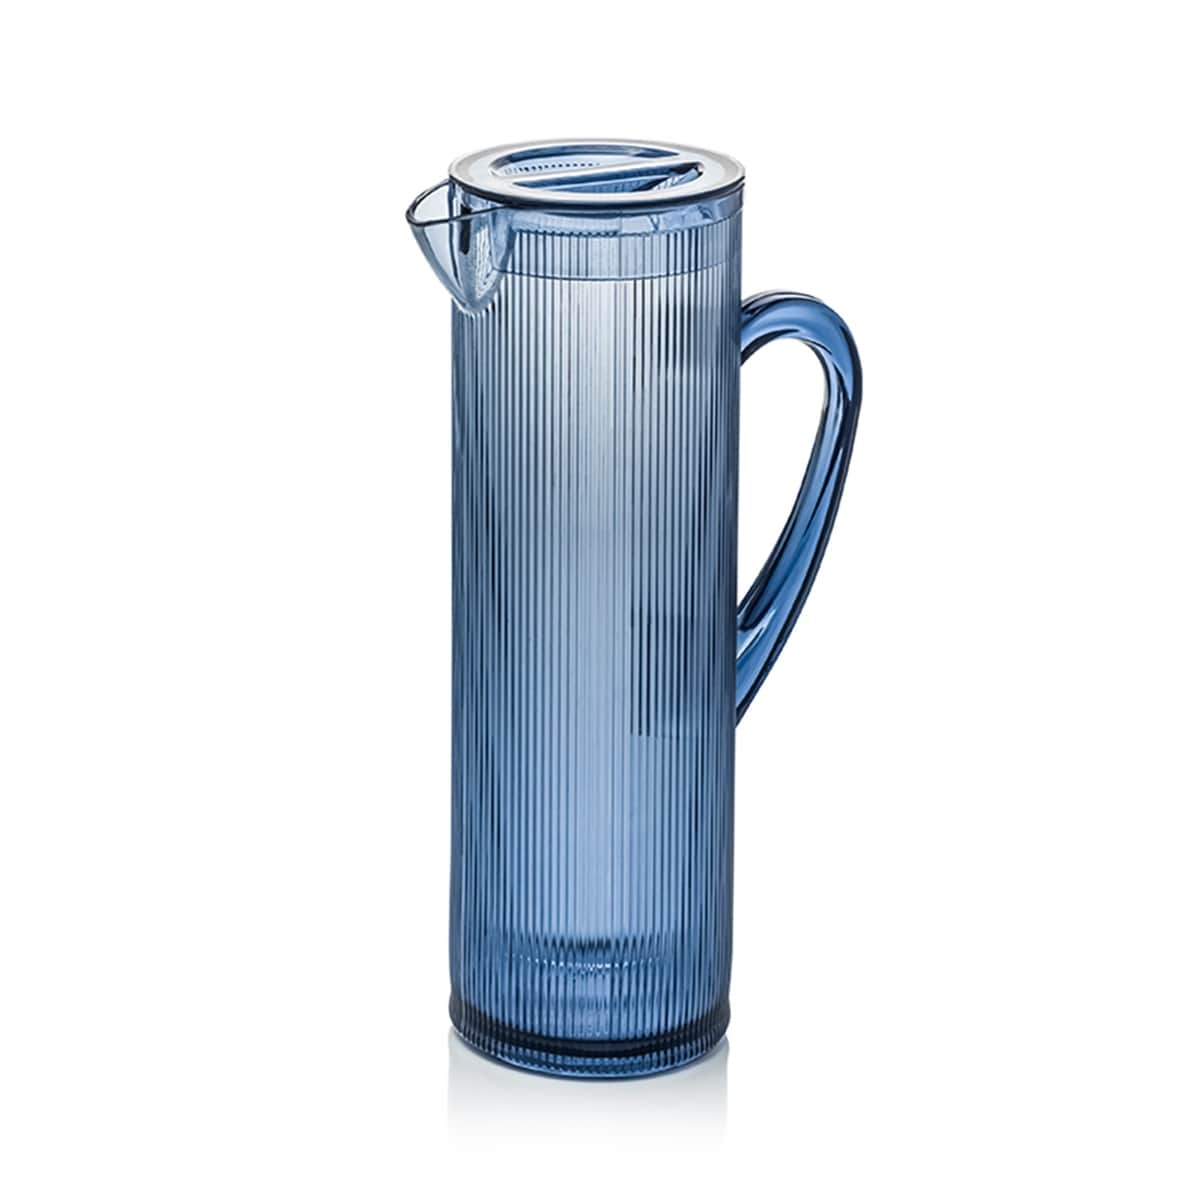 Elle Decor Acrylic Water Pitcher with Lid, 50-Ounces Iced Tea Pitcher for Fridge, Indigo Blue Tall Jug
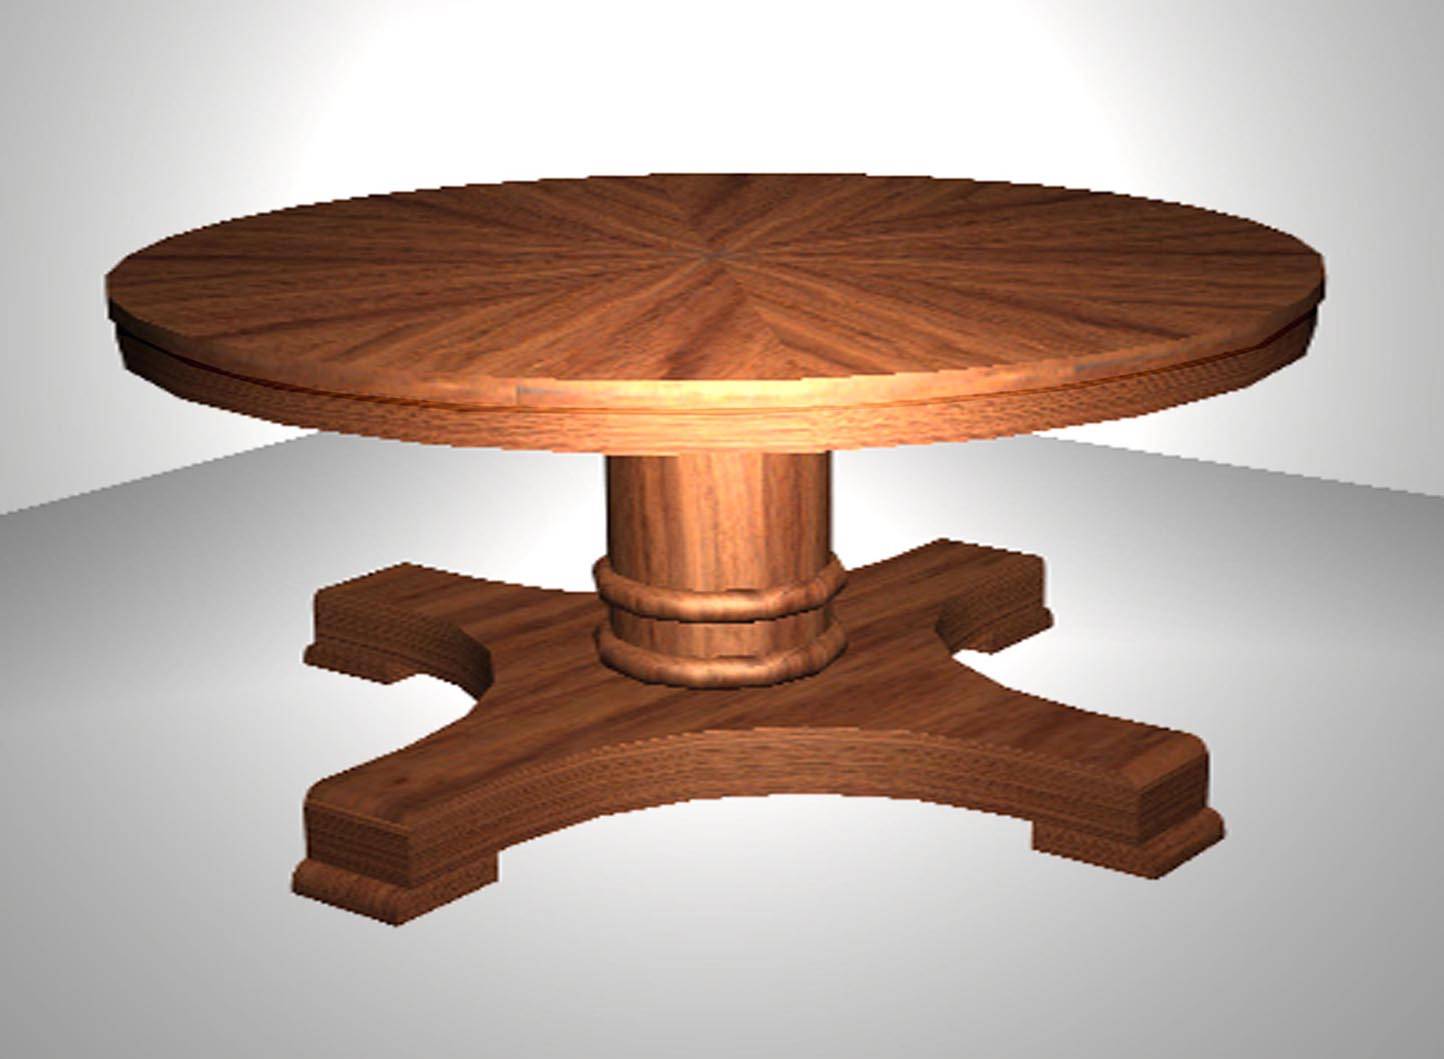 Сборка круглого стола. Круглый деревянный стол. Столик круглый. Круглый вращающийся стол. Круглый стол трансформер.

* * *

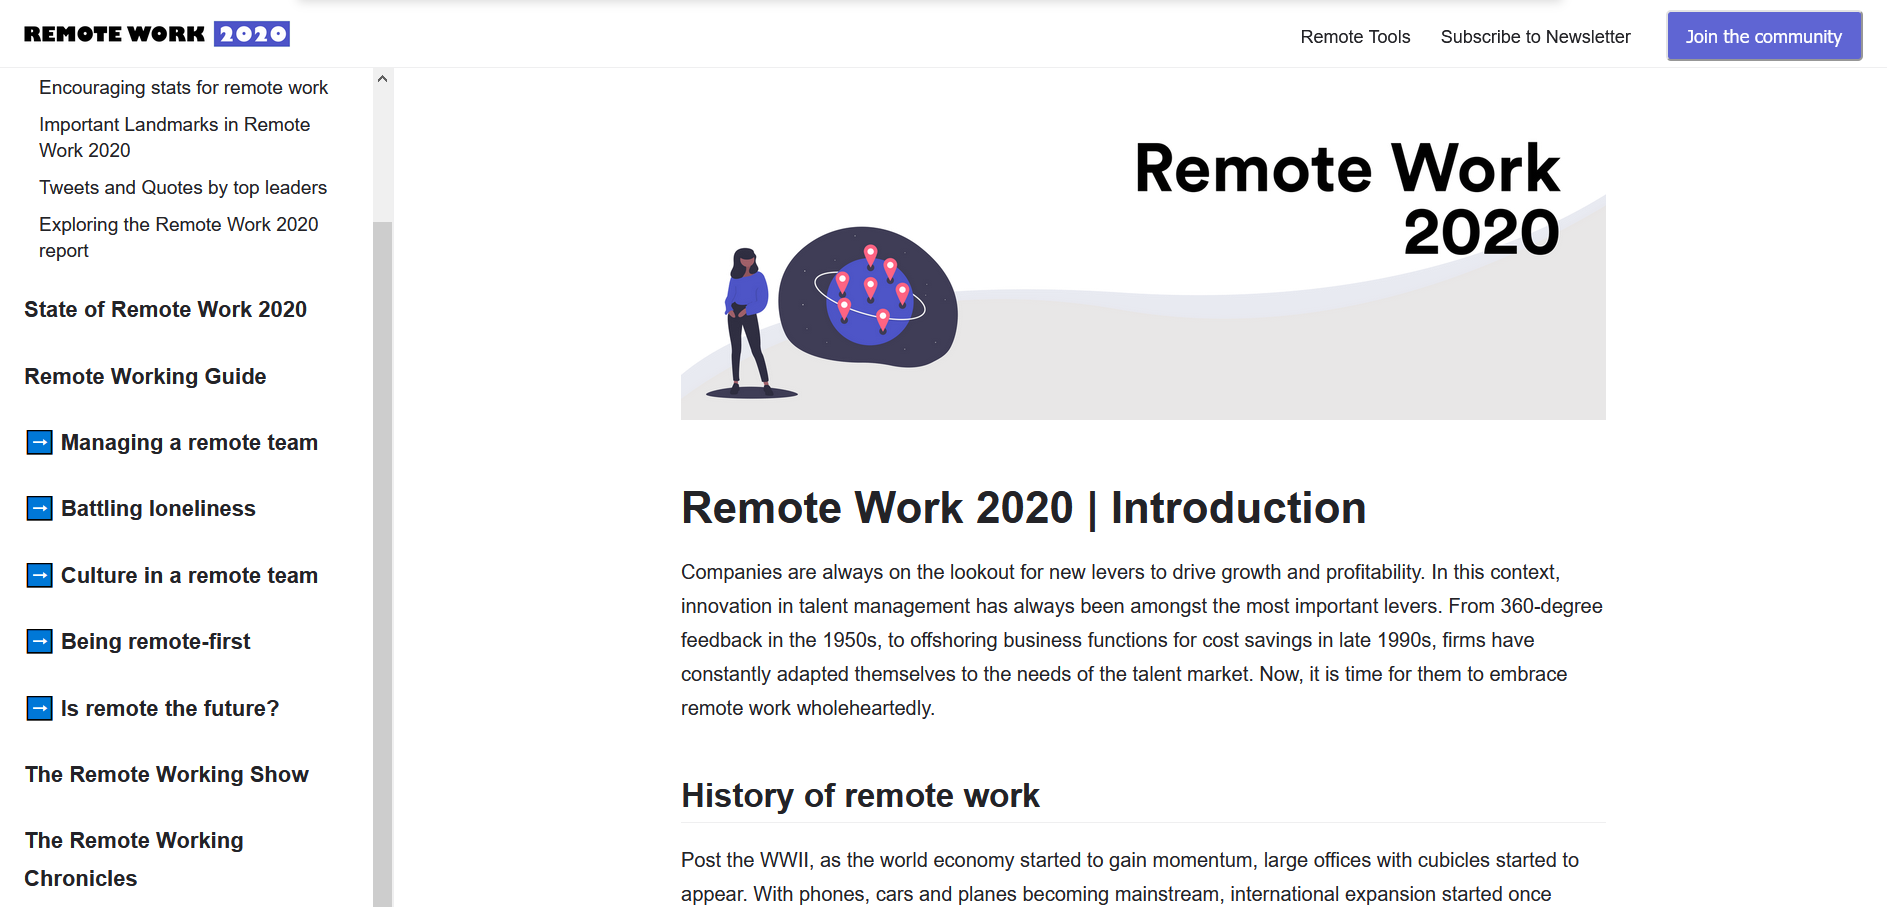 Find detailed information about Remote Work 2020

**Try it:**
Of all the material above, only the lines from the one that has "Elle Decor Acrylic" down to the one that has "Сборка круглого стола." are to be written out, exactly and with both ends included. Pictures are skipped.

**Output below:**
 Elle Decor Acrylic Water Pitcher with Lid, 50-Ounces Iced Tea Pitcher for Fridge, Indigo Blue Tall Jug
 Сборка круглого стола. Круглый деревянный стол. Столик круглый. Круглый вращающийся стол. Круглый стол трансформер.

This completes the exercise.